BIG FAT DISCLAIMER: I am not a lawyer, nor do I play one on TV. I have, however, been working in the Open Source consulting and development space for a number of years and think this is an important issue for all Open Source consultants to consider. Please consult your own lawyer, don’t blame me, etc.
At Crowd Favorite we work primarily with WordPress, but also with many other Open Source projects. We are often working with larger companies that have standard Master Services Agreements (MSAs) or Professional Services Agreements (PSAs). These agreement templates are designed so that these companies have a known legal foundation to work from, and include a variety of requirements and terms that apply to the consultants working for them and governing the Deliverables created by those consultants. These agreements often have standard language in them that have some interesting side-effects when you are working with Open Source.
It’s common for services agreements to have these components:
with a set of terms around each. The standard terms in these agreements likely contain language that may be somewhat problematic when applied to projects built on Open Source.
Let’s look at the Deliverable first. In a standard web site build the deliverable might be loosely defined in this manner:
A custom web site powered by WordPress, using existing and custom created plugins and themes to achieve custom functionality. Consultant will deliver the entire package along with documentation and installation instructions, and will assist with the initial installation and configuration of the site.
The Deliverable described above has five potential parts: WordPress, existing plugin(s), custom plugin(s), existing theme(s), custom theme(s). The Deliverable is generally what the Warranty and Indemnification clause are tied to, so the way it’s defined is important.
Of these five parts, you will probably only have created the custom plugins and custom themes from scratch. The others will be created and licensed by other companies and/or individuals. You do not want to take on full responsibility for these parts of the deliverable in the Warranty and Indemnification clauses.
The Warranty part of the contract generally has two parts: terms that cover how bugs will be fixed and for how long; and terms that declare that all of the intellectual property (IP) in the Deliverable is free and clear of infringement.
I’m assuming that you don’t want to be on the hook for every bug that might exist in WordPress (or whatever other Open Source package you are working with), so you need to make sure you get the language here adjusted so that it reflects this.
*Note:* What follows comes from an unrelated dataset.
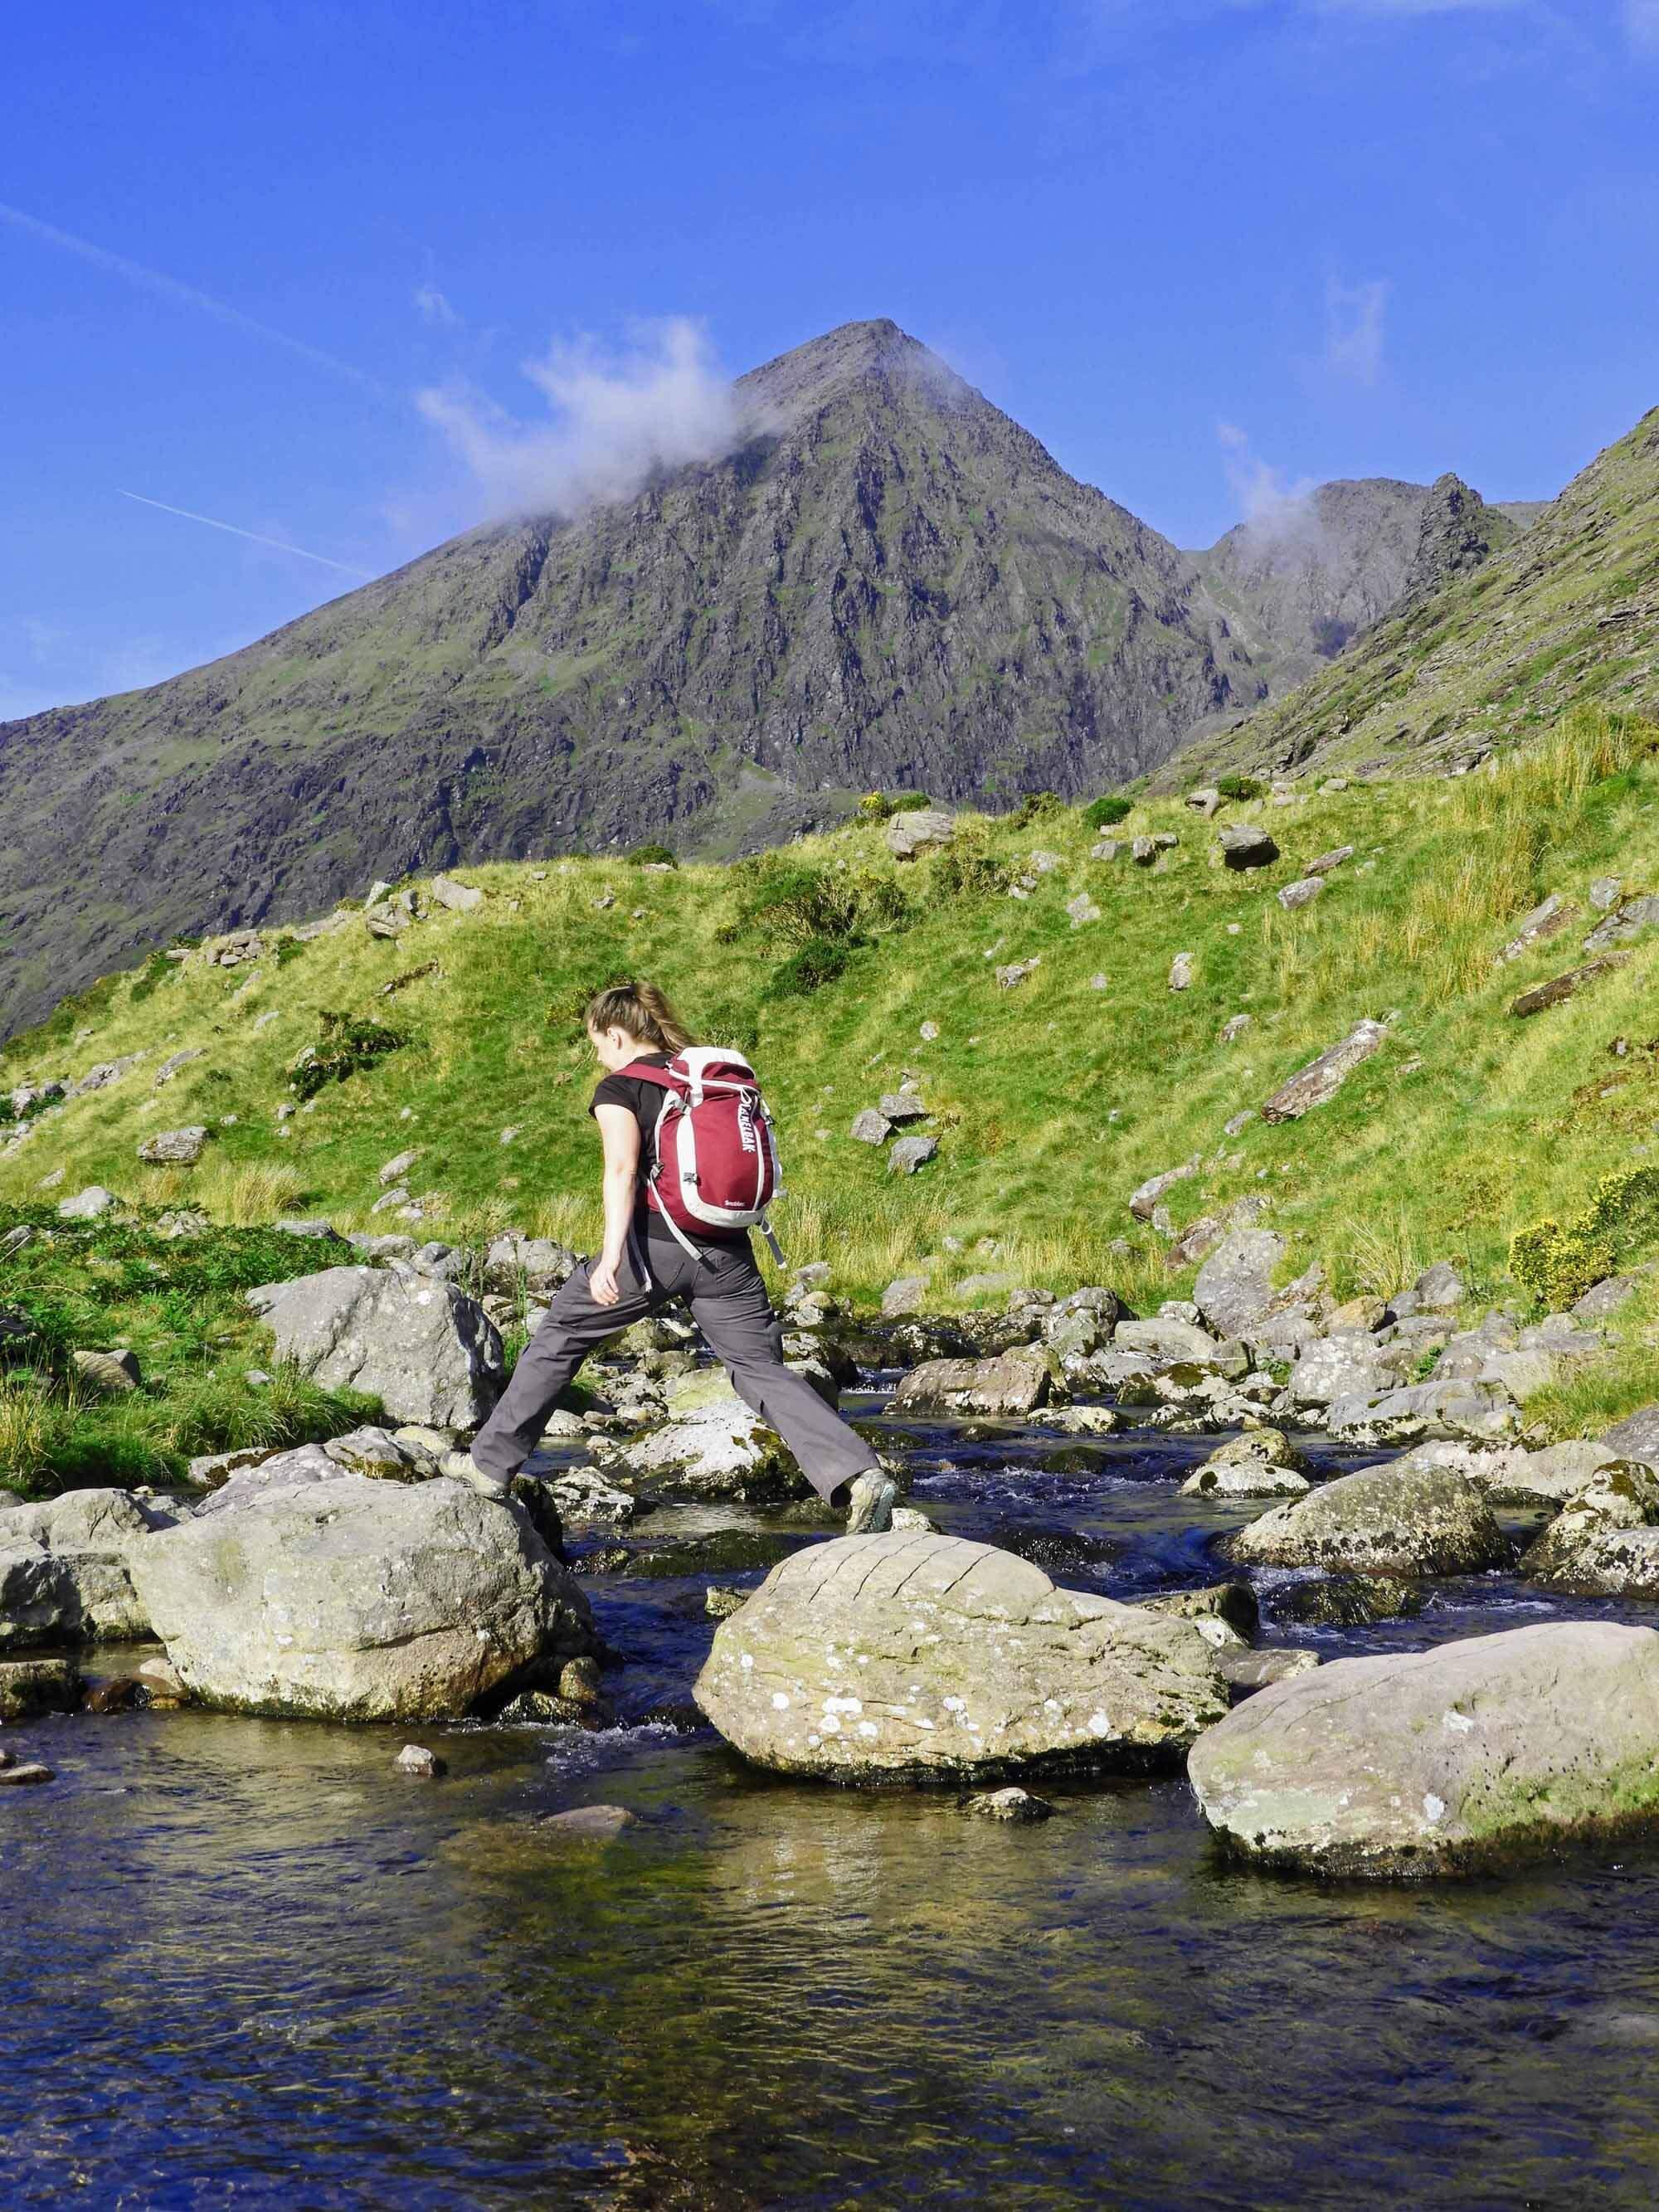 ireland-carrauntoohil-highest-mountain-peak-stream-crossing.jpg

You’ll probably end up in some middle ground on this, as your client will just want the solution you’re building for them to work, but you need to limit what you are willing to take on.
It’s the second part of the Warranty that is particularly dangerous. While you may take on some responsibility for fixing bugs in the overall deliverable, you definitely don’t want to take on responsibility for all of the IP in any Open Source project. If you do this, and it turns out someone in another country committed code that wasn’t legal for them to commit, you’ve just taken on responsibility for that.
We typically resolve this with a “to our knowledge” clause, which covers the client for code we create, but absolves us of responsibility from other Open Source code (assuming we are using code that was properly licensed, etc.). It also covers us in the event we are asked to build something that infringes on an existing patent.
If you breach one or more of the Warranties, then the Indemnification clause comes into play.
Indemnification ties in with the same issues discussed in the Warranty section. In this clause, there is typically language that makes you (the consultant) responsible for any legal issues with the Deliverable (instead of the client, who is using the Deliverable). Like the Warranty clause, the Indemnification clause is a fair and reasonable thing to have in a contract. We just need to tweak it a little so that it makes sense in the Open Source world.
It’s very reasonable to take on this responsibility in regards to any part of the deliverable you build, subcontract out, or are somehow responsible for. However, like with the Warranty clause, you don’t want to take on responsibility for every piece of IP that has made it into the Open Source project you are using.
We typically resolve this by adding either a “to our knowledge” clause or explicitly excluding parts of the deliverable in this area.
In addition, you may want to include something in the Indemnification clause to cover features that are requested by your client, but might infringe on a patent or similar concerns. Typically, the Indemnification clause does make you responsible in these cases and most consultants I know don’t have the resources to do patent searches on every feature that is requested by their clients. If you write code that contains infringing IP and your client is sued, you would be on the hook to pay for any and all or your client’s damages, including legal fees. The knowledge qualifier we use handles this situation as well, and you can also handle it with a specific carve-out if needed.
Hopefully this information will be useful to some of you the next time you’re reviewing a contract for a project. If all of this is new to you and you work in this space – I highly recommend talking with a lawyer who has experience with Open Source.
If you’re in the Denver area, I highly recommend working with Ryan Howell at Rubicon Law Group. We met in 2007 at the first StartupWeekend in Boulder and he’s been working with me and Crowd Favorite ever since.
Some contracts also expressly forbid the use of Open Source software and/or software licensed under a specific license as part of their standard terms. Getting this fixed is generally not a problem since you and the client should be in agreement that you are planning to use Open Source tools in the project. I’m assuming we’re all used to dealing with this one already, but wanted to call it out as well.